Пожалуй, неплохо быть переводчиком free lance, хотя бы потому, что мало-помалу узнаешь, какими бывают по ночам министерства в Европе, и надо сказать, в ночные часы там все не так, кругом одни статуи и нескончаемые коридоры, где может случиться все что угодно, а порой и случается. Министерствами я называю не только собственно министерства, но и, допустим, Дворец правосудия или здание Верховного суда — словом, все эти огромные мраморные сооружения, где сплошь ковры и хмурые блюстители порядка, которые в зависимости от места и времени действия говорят то на финском языке, то на английском, то на датском, то на фарси. Так я познакомился с одним министерством в Лисабоне, чуть позже с Динс-Ярдом в Лондоне, с министерством в Хельсинки, с весьма неприятным учреждением в Вашингтоне и с Дворцом Сената в Берне — не стану по скромности продолжать список, лишь подчеркну, что это всегда бывало ночью, хотя, работая синхронным переводчиком, я, разумеется, видел эти временные резиденции официальных сборищ и в утренние часы, и во второй половине дня.

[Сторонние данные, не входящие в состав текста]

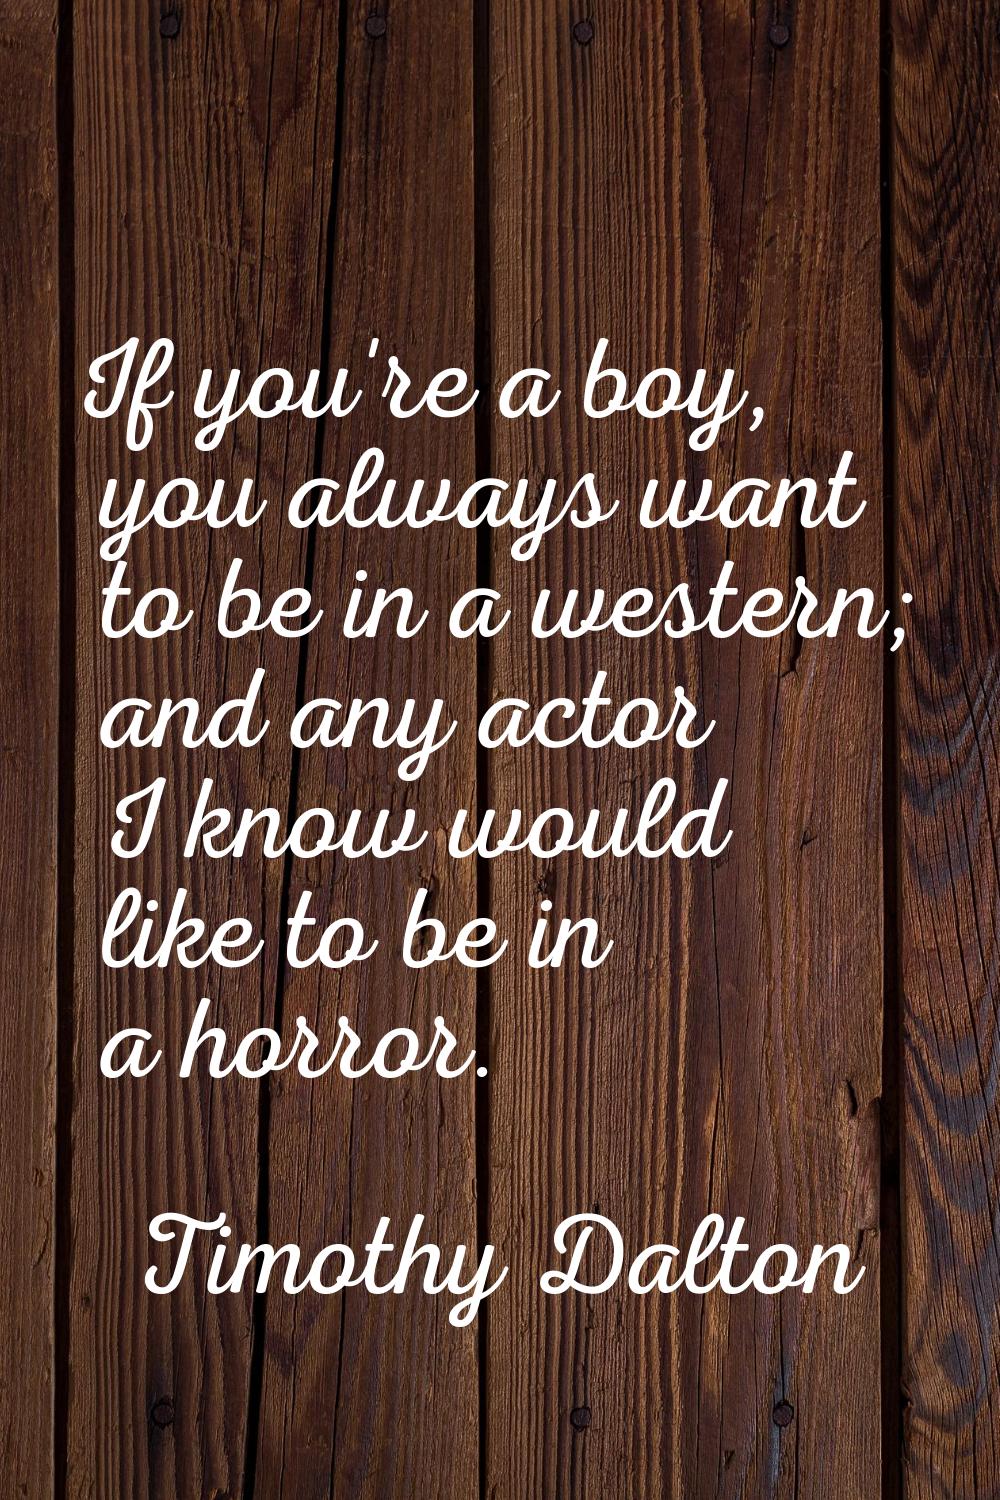 If you're a boy, you always want to be in a western; and any actor I know would like to be in a hor
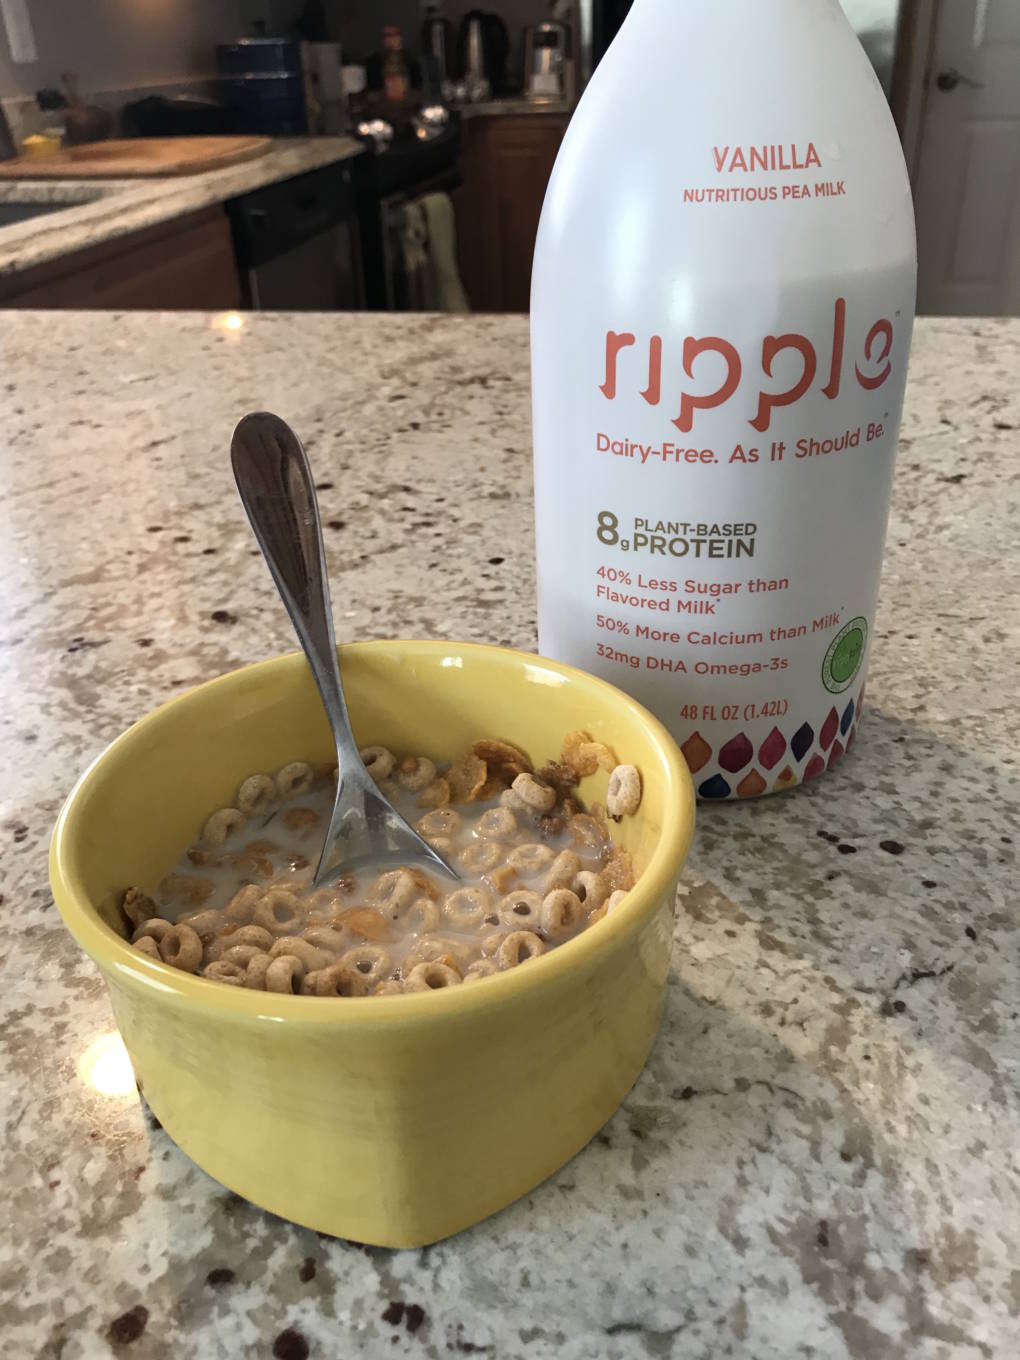 Ripple's pea-based milk contains 8 grams of protein per cup, the same amount as in a cup of cow's milk.

Но по-настоящему, и к тому же втайне от всех, я знакомился с министерствами лишь ночами, и это предмет моей особой гордости: вряд ли кто-нибудь еще сумел повидать столько европейских министерств глубокой ночью, когда они теряют ритм официальной жизни, то есть сбрасывают свою маску и становятся тем, что они, видимо, есть на самом деле — воротами в тартарары, пастью сумрака, встречей с зеркалами, где уже не отражаются ни галстуки, ни полуденная ложь.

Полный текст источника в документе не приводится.